Conversation started Nov 20, 2011 at 19:46.
Matt
Matt
Nov 20, 2011 19:46
Does f_n converges strongly to f (in l^1) really mean lim_{n \rightarrow \infty} \sum_{k=0}^\infty | f_n(k) - f(k)| = 0?
Gigili
Gigili
Hello @tb, you around?
Matt
Matt
And similarly, does f_n converges weakly to f really mean \lim_{n \rightarrow \infty} \sup _{\| f_n - f\| \leq 1} |\phi(f_n) - \phi(f)| for all \phi \in (l^1)^\ast?
Gigili
Gigili
I need to know what does this sentence mean: In der Genievorstellung der Romantik waren große Dichter über allem stehende Persönlichkeiten.
t.b.
t.b.
@Gigili: Loose translation: Using the conception of a genius during romanticism the poets were above everyone else.
Jonas Teuwen
Jonas Teuwen
@Matt Phi(f_n) -> phi(f) for all phi in your dual.
Matt
Matt
Nov 20, 2011 19:56
@JonasTeuwen: Yes and now I'm trying to figure out what the arrow exactly stands for. Is what I wrote correct?
Jonas Teuwen
Jonas Teuwen
@Matt <f_n, phi> -> <f, phi> if that makes things clearer.
t.b.
t.b.
@Matt no, it means |\phi(f_n) - \phi(f)| -> 0 (note that this is a sequence of real numbers).
Matt
Matt
@JonasTeuwen: No that makes things less clear. My phi is already in the dual. If I'm not mistaken you should have a g in the product?
Jonas Teuwen
Jonas Teuwen
I'm sorry then :-).
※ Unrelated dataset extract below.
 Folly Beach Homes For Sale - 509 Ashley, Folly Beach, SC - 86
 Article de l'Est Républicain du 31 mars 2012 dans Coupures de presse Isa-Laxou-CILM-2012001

Listen to t.b..
t.b.
t.b.
And this should hold for all \phi from the dual of course.
Matt
Matt
Nov 20, 2011 19:59
@JonasTeuwen: actually, I don't know. You tell me: what's your phi there?
Jonas Teuwen
Jonas Teuwen
An element from your dual.
Gigili
Gigili
@tb Thank you, but I don't understand it =\
t.b.
t.b.
@Gigili: The sentence asserts that poets were considered the greatest geniuses of all.
Matt
Matt
@tb: Confusing. The norm in the dual is sup \{|\phi(f)| \mid \| f \| \leq 1 \} but convergence in the dual is just convergence like in R instead of being sup \{|\phi(f) - \phi(f_n)| \mid \| f - f_n\| \leq 1 \}.
I should call it a day, probably.
t.b.
t.b.
@Matt But we're not talking about convergence with respect to any norm, we're talking about convergence of real (or complex) numbers. If you evaluate a linear functional at a point in the Banach space, you get such a number. Now weak convergence f_n -> f means that for all continuous linear functionals \phi we have |\phi(f_n) - \phi(f)| -> 0
Matt
Matt
Nov 20, 2011 20:08
@tb: Thank you.
Gigili
Gigili
@tb Got it, thank you.
Matt
Matt
At least no one can see you blush here when you realise your mistake : ) I like.
t.b.
t.b.
Given the color of your gravatar it is hard to imagine to see it blushing :)
Matt
Matt
: ) I was talking about my real face. I hate when I blush but I can't control it.
 
Conversation ended Nov 20, 2011 at 20:14.